Data for this task >>
════════════════════

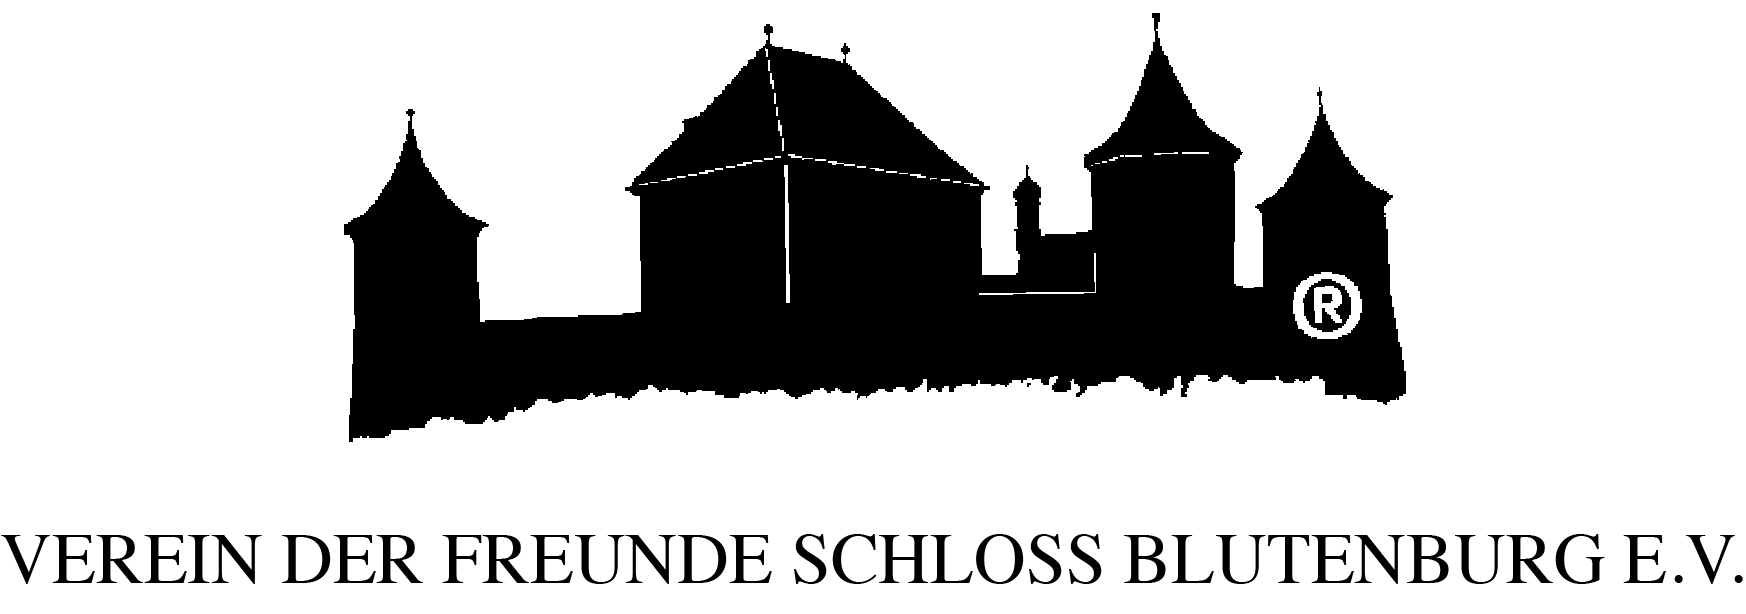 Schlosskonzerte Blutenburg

════════════════════

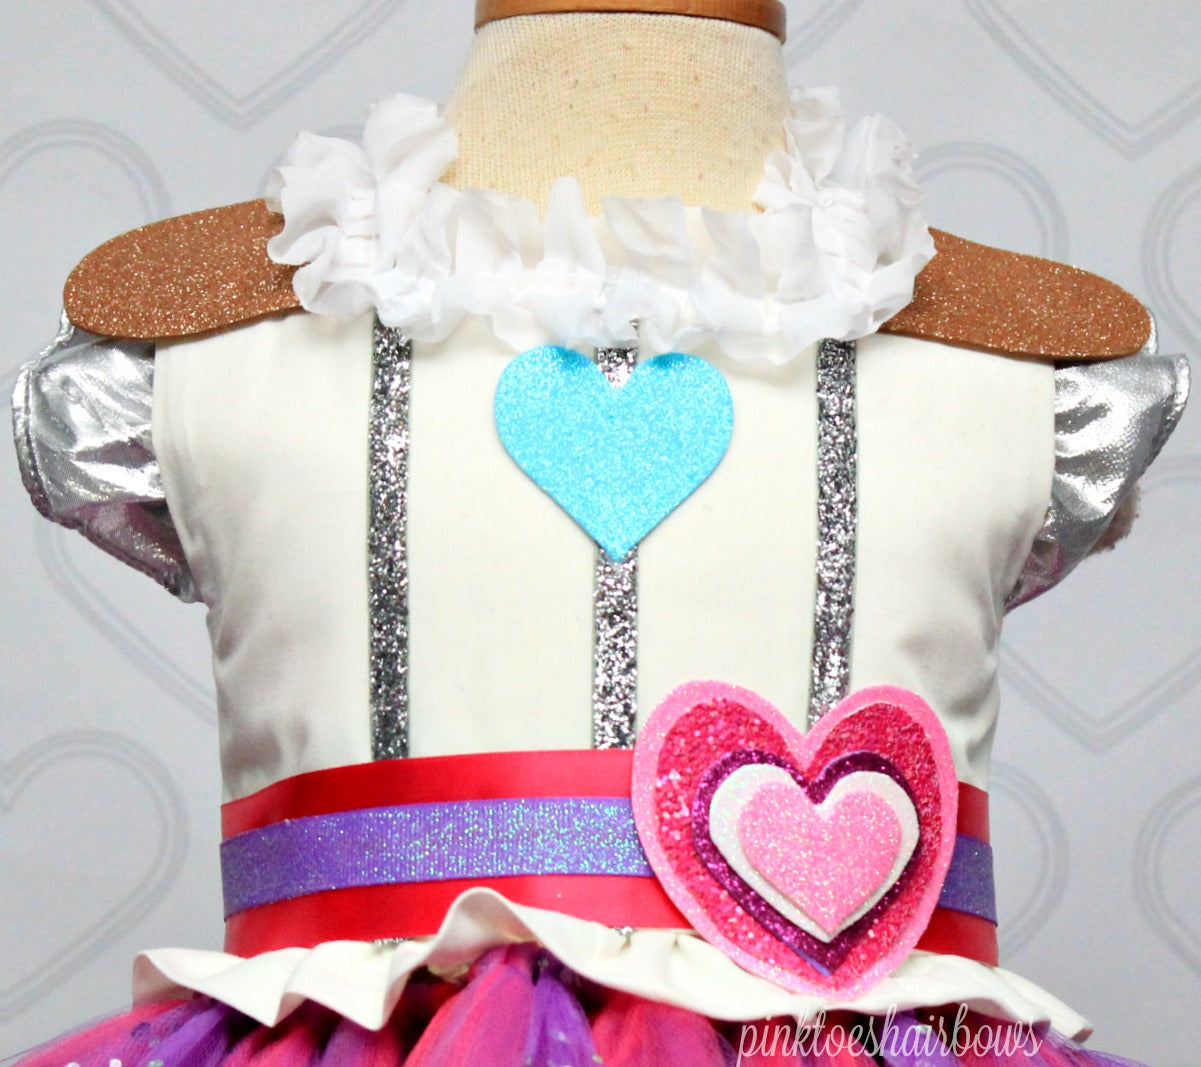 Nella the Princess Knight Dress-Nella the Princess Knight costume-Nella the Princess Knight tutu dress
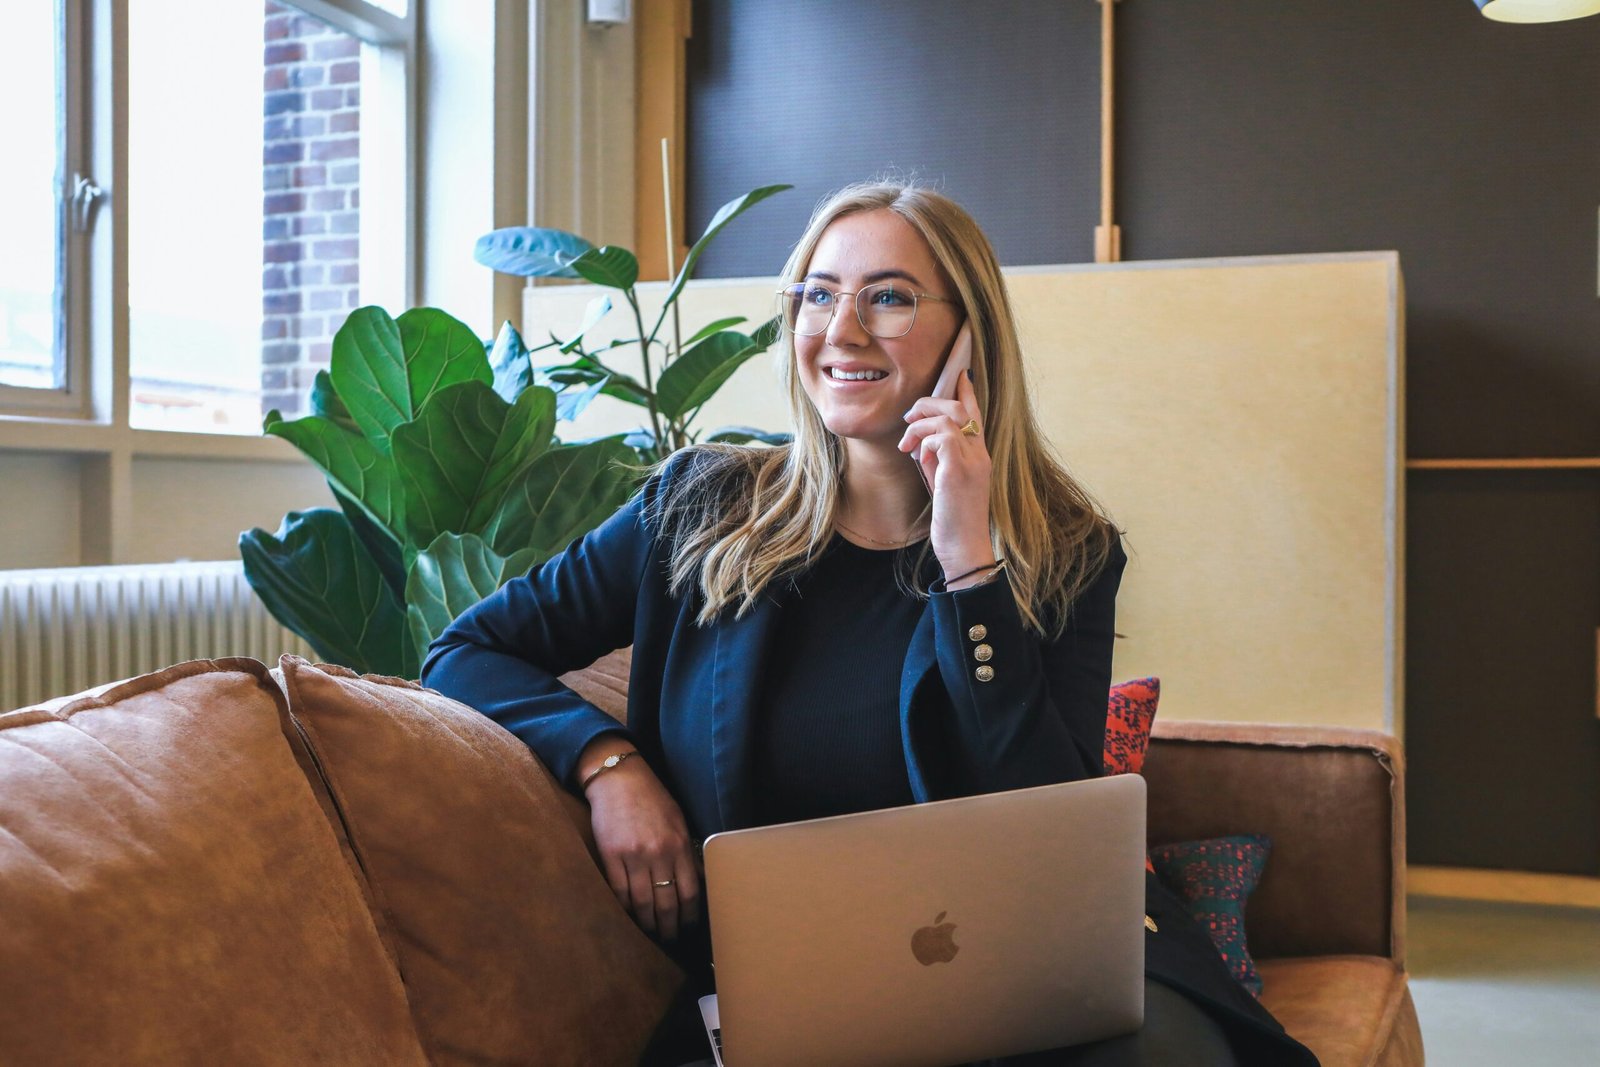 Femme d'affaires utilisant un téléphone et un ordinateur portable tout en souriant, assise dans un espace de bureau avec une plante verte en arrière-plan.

════════════════════

Task to complete >>
Those lines of the records above that run from the one containing "Nella the Princess Knight Dress-Nella" through the one containing "Femme d'affaires utilisant" should be returned exactly, with no pictures among them.

Solution to this problem >>
 Nella the Princess Knight Dress-Nella the Princess Knight costume-Nella the Princess Knight tutu dress
 Femme d'affaires utilisant un téléphone et un ordinateur portable tout en souriant, assise dans un espace de bureau avec une plante verte en arrière-plan.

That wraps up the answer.